A late-season trip to climb a river in Japan’s Northern Alps

“So you’re not going to take us to Akagi-sawa, as you promised,” said Chiemi at our alpine club’s monthly meeting. Chiemi is from Osaka, a city where they don’t do subtlety. She was also our capable and efficient secretary, who kept the club from falling apart. I did some reckoning. September was almost over and the first snows can fall on Japan’s Northern Alps early in October. There was no time to lose. “OK, we leave on Friday night.”


Osaka folk are known for their good taste, as well as their assertiveness. Chiemi had picked an objective that no discerning sawa climber should miss. A “sawa” is the Japanese word for a canyon, a glen, a gulch, you get the drift. Or rather it isn’t. A canyon calls to mind a dusty gorge where cacti and tumbleweed jostle for a thin trickle of water. A glen is a burn prattling its way between heather-lapped granite boulders. As for a gulch, let’s not even go there; the perils of translation are many enough already.


Suffice it to say that a sawa starts as a rill on some cloud-capped ridge, threading its way through thickets of creeping pine, before gathering force, cascading down into forests of beech or cedar, leaping over waterfalls and brawling down rapids. Sawas can be Mirkwoods, sombre and menacing, or light and aery, like Rivendells. Of these, the lightest and aeriest is Akagi-sawa. Small wonder that Chiemi had set her heart on it.


So, at 9pm on October 7th, the Subaru lurched out of its parking bay with a full stick of five mountaineers aboard. Unfortunately, this was the Friday before a fine three-day weekend and the whole of Tokyo wanted out. We crawled for hours in nose-to-tail traffic until, in the wee hours, we broke free and cruise-climbed into the highlands of Shinshu. It took until 7am to reach Oridate, the end of the road. Such are the preliminary austerities that must be performed by city-dwellers who would seek the enlightenment of Akagi-sawa.

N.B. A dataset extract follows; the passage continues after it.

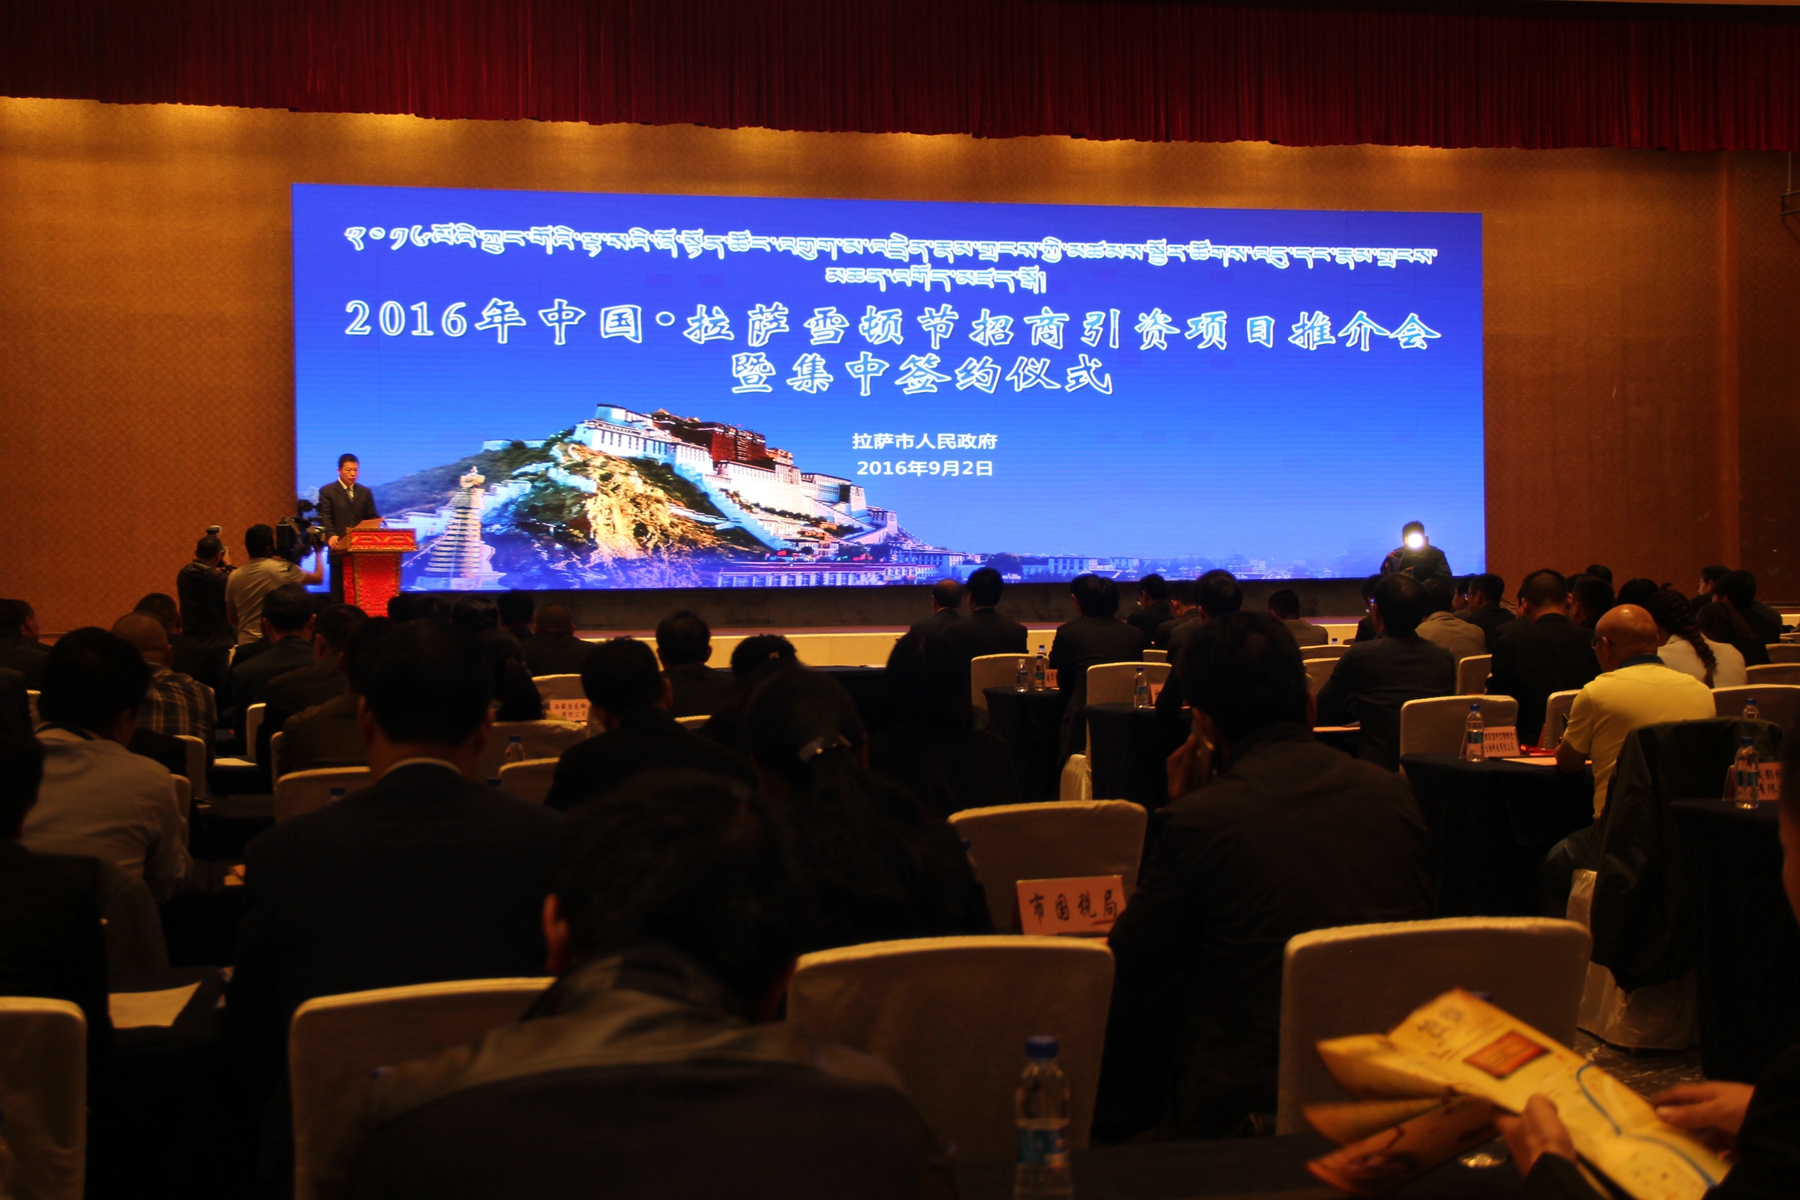 Lhasa Shoton Festival saw 50 economic and trade projects contracts signed

After the crowds of Tokyo, this flank of the Northern Alps seemed extraordinarily empty. Once there was a village here, but now it lies at the bottom of a reservoir. The story is told in Fukada Kyuya’s “One Hundred Mountains of Japan” (Hyakumeizan): “This place, Arimine, was the traditional starting point for Yakushi, but we arrived only to find it had fallen into disuetude. The villagers had sold their ancestral lands to a hydro-electric power company and, pocketing the money, had left their mountain home for ever. Here and there remained a derelict hut, propped up on rotting pillars. A row of gravestones in the untended grass completed the picture of desolation.”

We shouldered our packs and set off up a well-made path towards the Taro-yama pass. Near the top, black-and-white martins (iwa-tsubame) still flitted to and fro, pushing summer to its limits, just as we were. Their big brothers, the alpine swifts, had already flown off south. In the afternoon, we dropped down into the Kurobe valley and arrived to a hospitable welcome at the Yakushi-zawa hut. We may have been the last guests of the year.

We turned in early. As the hut stands on a wooded promontory between the mighty Kurobe river and a lively tributary running down from Yakushi-dake, the sound of tumbling waters is louder than central Tokyo’s traffic. Yet, even at this volume, there is something immensely calming and soporific in the rushing of a mountain torrent. Its sounds must be non-random, something like the contrabass in a symphony. Whereas traffic noise, especially in Tokyo, must be truly “white” or chaotic… I fell asleep before these thoughts could be pursued.

At breakfast (green tea, rice and pickles), the phrase “aki no kehai” (秋の気配) floated into the conversation. Outside, one could indeed smell autumn in the air. Those who had wet suits donned them. We set off upstream. For the first hour or so, we moved in the green shadow cast by the looming massif of Kumo no Daira, the Field of Clouds. Fortunately for those who hadn’t brought them, the wetsuits weren't needed; thanks to the lateness of the season, we could wade passages of the river that would have to be swum in high summer.

A knight’s move across a slab gave us the freedom of the De-ai, the pool where Akagi’s stream flows into the main gorge. Shafts of light filtered between the cedars, conjuring wavering circlets of golden light in the shallows. Is this one of the most beautiful places on the planet, I wondered. If so, it competes for the title with stretches of Akagi-sawa itself. We traversed into the tributary on a rock ledge, then waded up easy slabs through rushing sheets of water. Leaving the stately grove of trees behind, we exchanged its cool green light for the boundless radiance of an open mountain sky. We leapt over boulders, sometimes avoiding waterfalls, sometimes climbing them through the falling water. The mood was pure holiday; we were at play in a sawa of light.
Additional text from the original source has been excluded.